A design that was not representative of the time: dating from 1962, it was a preview of things to come.
It was a design by the Castiglioni brothers, who also designed furniture for Gavina, lamps for Flos; many of their designs were also present as objects.
References to the Castiglionis were everywhere: in relation to the shop, objects and projects. We should remember that people did not yet talk widely of “design” at that time.

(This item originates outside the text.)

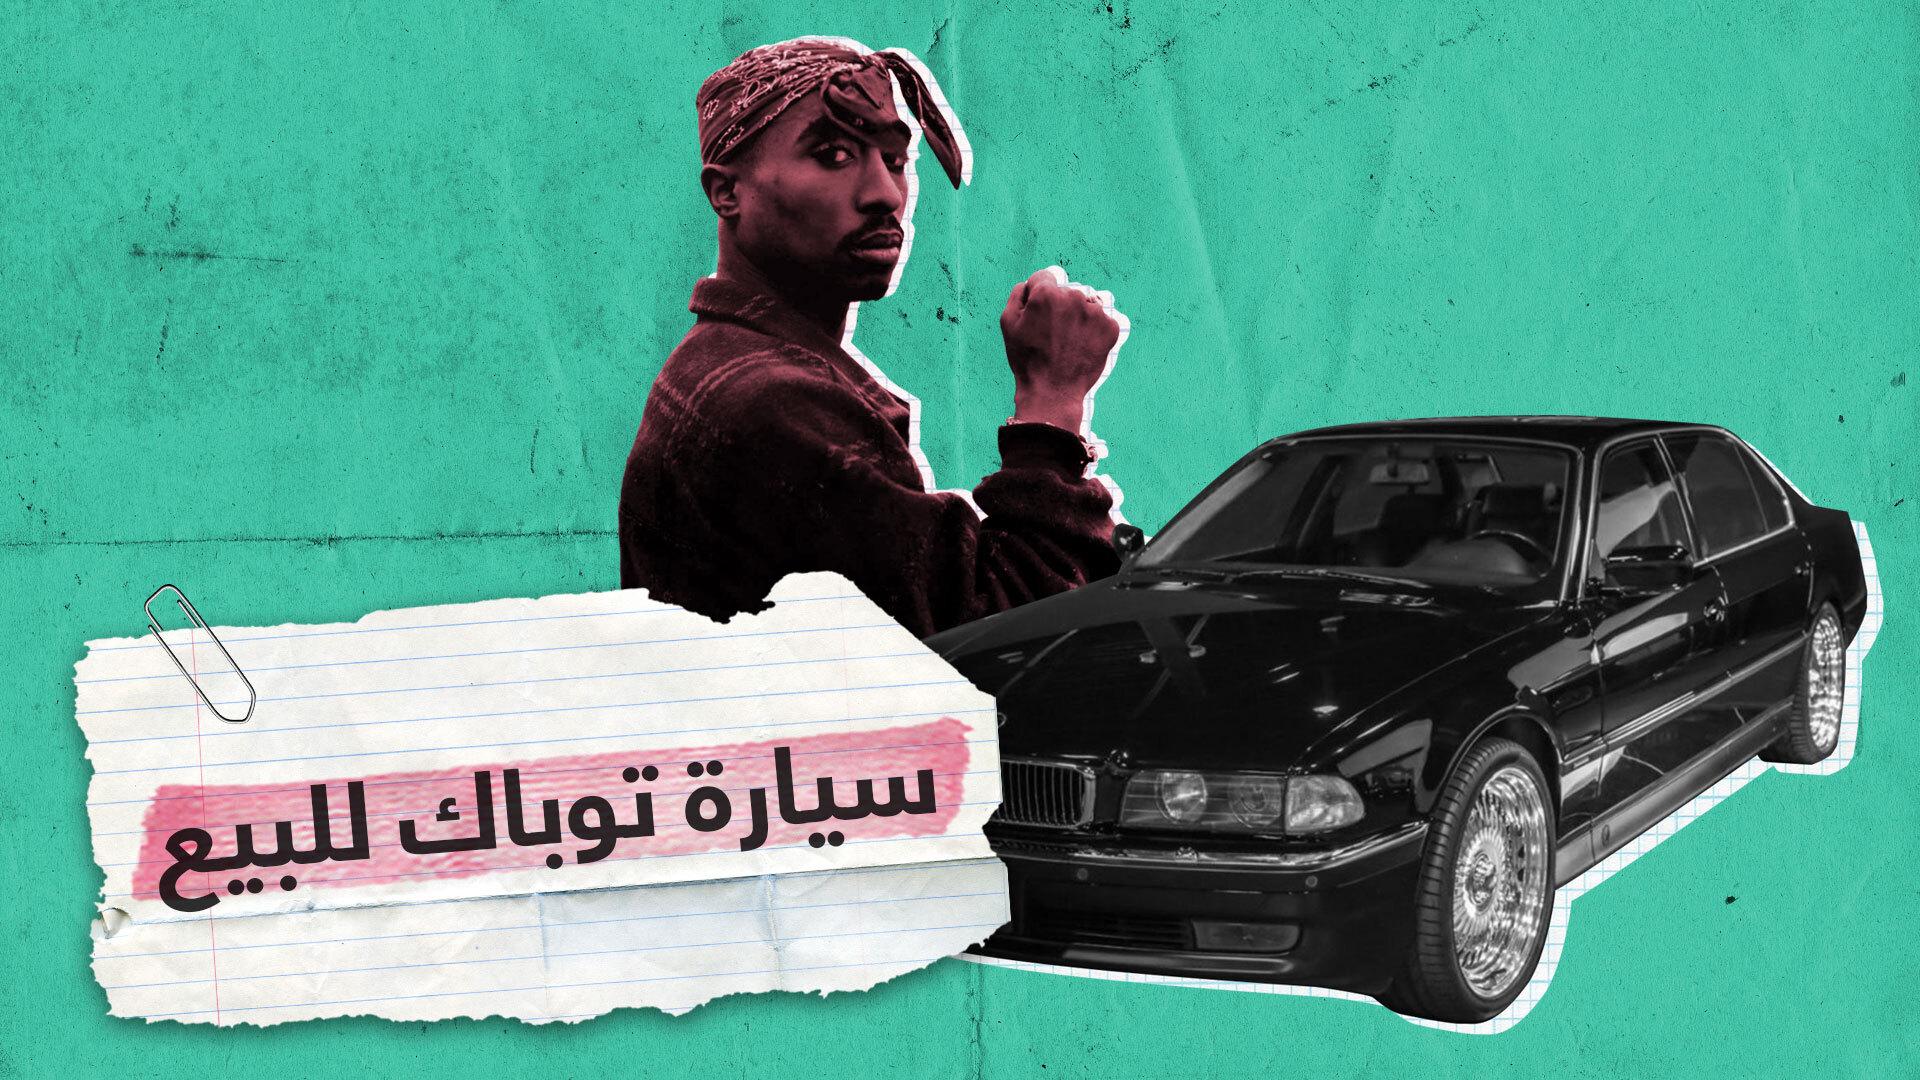 عرض السيارة التي اغتيل فيها مغني الراب الشهير توباك شاكور للبيع

After this attempt to return to that period, I can try to answer Giorgina’s initial question: “What endures of my father, Pier Giacomo, for you?”: the beginnings of an interpretation of the design of architecture and objects.
A way that was clear, defined, fundamental and went beyond functional, although the latter appeared a somewhat prevalent interpretation. The words of their designs were honest words, shunning all rhetoric.
The discovery that any objects, tools or discarded waste materials, can contain formal values to be interpreted.
The discovery that the quality of design lies in intelligence rather than the luxuriousness of the materials used. The recognition in mass production of the possibility to share better living conditions with many (Villa Olmo remains a manifesto of freedom).

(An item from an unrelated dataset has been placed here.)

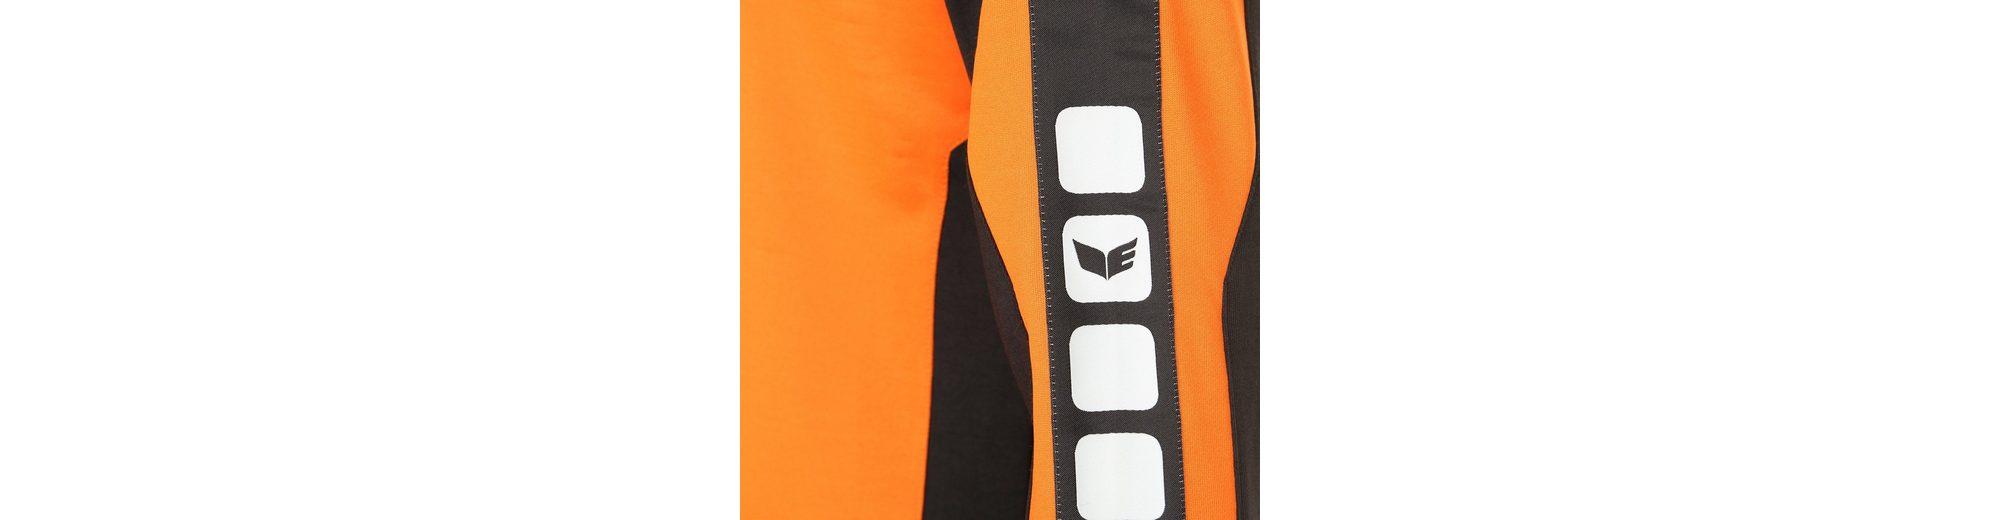 ERIMA 5-CUBES Trainingssweat Herren Verkauf Brandneue Unisex Billig Offiziellen Günstig Kaufen Footlocker Bilder Freies Verschiffen Extrem Große Auswahl An Günstigem Preis mTtpVFD

When I point to the intelligence of their solutions, their freedom from patterns, their focus on the user, I am making statements based on my own interpretation, but I’m not conveying direct experience. Let me try to do this with an example.
In the same shop, first Gavina and then Simon, in Turin: the few doors that there were, fitted for openings just under a metre wide, were asymmetrical pairs painted white, just like the totally whitewashed walls. I said asymmetrical: one larger door to allow people to pass through comfortably at all times and one semi-fixed, narrower, to be opened only when necessary. In that building, with its spare style, they were perfect. The solution was so responsive, so well suited dimensionally that it left no room for doubt.
Everything was to be discovered when it came to learning architecture.
Those who knew Pier Giacomo held him in unwavering esteem: Luigi Caccia Dominioni, Vico Magistretti, Dino Gavina, Italo Lupi.

All these stimuli were offered to me by the Castiglioni brothers, Achille and Pier Giacomo. Of Pier Giacomo’s work, I have one very specific image, just a glance, that has remained in my memory: a panel 1.5 m high and of uncertain width (to give an idea, I’d say around 50–70 cm), yellow, made up of several tape measures before they were cut, with all the printed measurements.
Still attempting to interpret traces of design experience, I would say that this element, taken I assume from a certain stage of production, resting on a support and transformed into a piece in its own right, made me understand design, works of art, and industrial production processes.
I don’t know the date… I shall leave that to Giorgina.
The meaning behind this piece lies in identifying it at a stage in the production process and, having snatched it from next stage that would have destroyed it by cutting the individual tape measures, instilling it with a formal value that would otherwise have disappeared.

Attention to the formal values hidden in things, even the most humble and commonplace, is one lesson I learned from the Castiglionis.

In this case, that formal value is hidden in the production cycle and is not perceptible.
This recognition and communication of the moment, the instant, evokes Henri Cartier-Bresson L “decisive moment” or his capturing of “a minute part of reality”.
My thanks to Pier Giacomo Castiglioni and to Giorgina for asking me to consider her father’s enduring impact on me.